EU-US launch negotiations over access to electronic evidence

International talks on cross-border access to e-evidence is seen as necessary to track down dangerous criminals and terrorists

European Commissioner for Justice, Consumers and Gender Equality, Vera Jourova

European Commission and US Department of Justice officials met to begin formal negotiations on an EU-US agreement to facilitate access to electronic evidence in criminal investigations. After a productive first discussion this week, an agreement was made on holding regular negotiating rounds with the view to concluding an agreement as quickly as possible. Progress will be reviewed at the next EU-US Justice and Home Affairs Ministerial in December.

"We are pleased that the Council adopted a mandate to authorise the Commission to negotiate an agreement with the United States on facilitating access to certain e-evidence, and that we have obtained authorisation to negotiate with the European Union," US Attorney General, William Barr commented on the occasion.

"This type of agreement can enhance public safety and national security by providing an improved and more rapid ability to identify and respond to criminal threats on both sides of the Atlantic, in a manner that assures respect for the rule of law, privacy, and civil liberties," he continued, adding that "the US is committed to working with the EU on this important issue."

European Commissioner for Justice, Consumers and Gender Equality, Vera Jourova also issued a statement on the matter, saying that the launch of the negotiations marks an important step towards achieving an agreement between the two sides, which "will strengthen our security, while protecting the data privacy and procedural safeguards of our citizens."

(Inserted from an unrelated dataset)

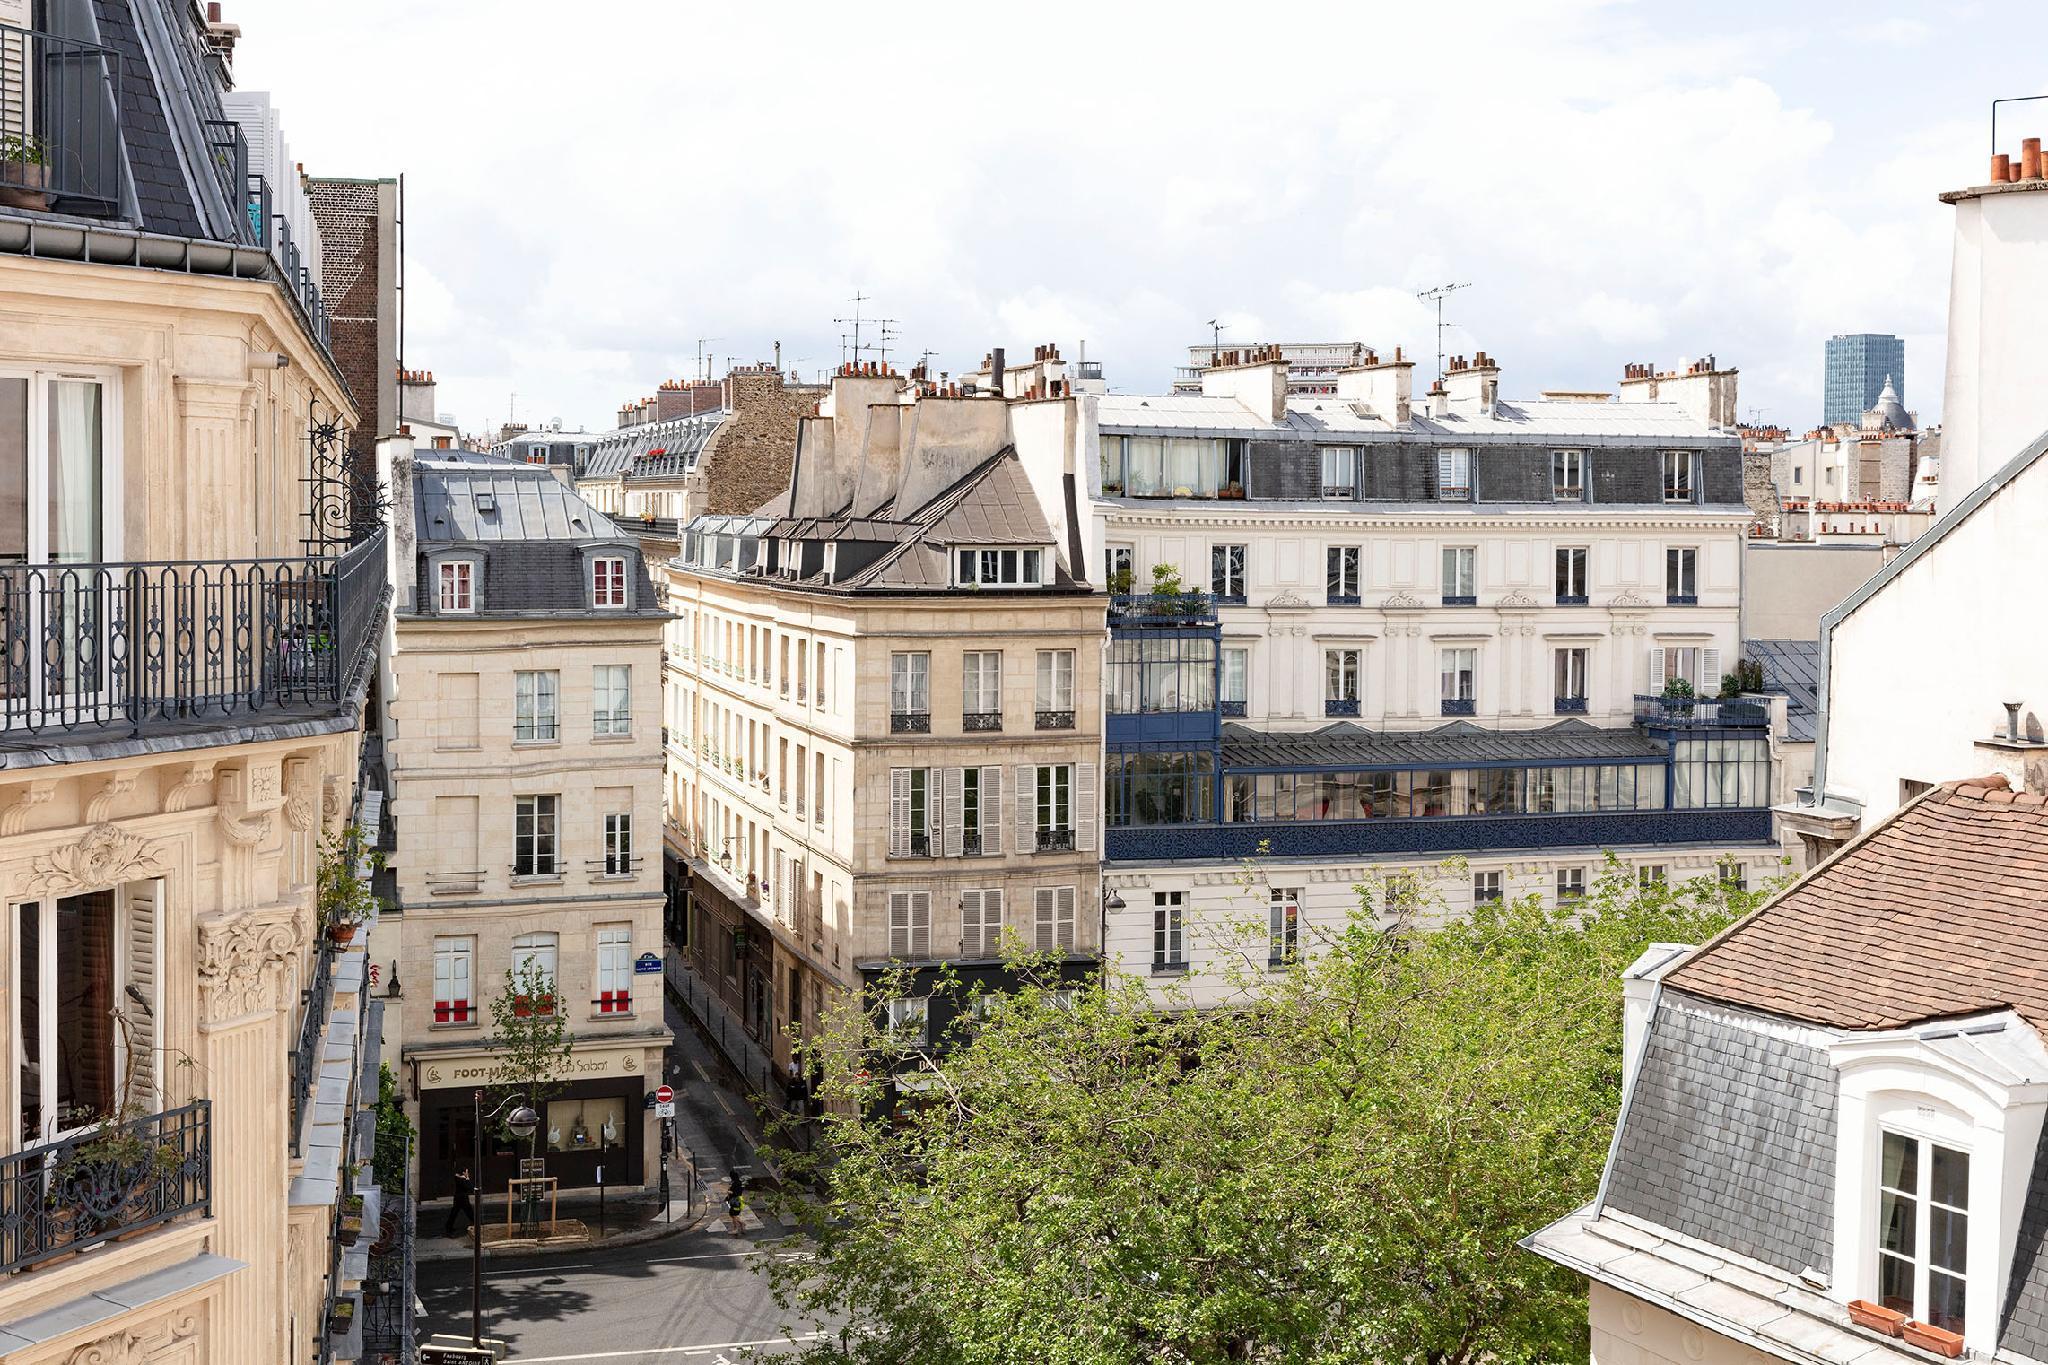 Hotel Bastille Speria Párizs Kültér fotó

Cross-border access to electronic evidence has been a regular point on recent EU-US Justice and Home Affairs Ministerial meetings, most recently in Washington on 9 November 2018. The United States and the European Union agree on the importance for both law enforcement and judicial authorities of swift cross-border direct access to electronic evidence, as demonstrated by recent legislation approved or under examination in the United States and the EU.

This is highly important since electronic evidence is needed in around 85% of criminal investigations, and in two-thirds of these investigations there is a need to obtain evidence from online service providers based in another jurisdiction. Currently, the largest service providers have their headquarters in the United States. The number of requests to the main online service providers continues to increase and grew by 84% in the period 2013-2018.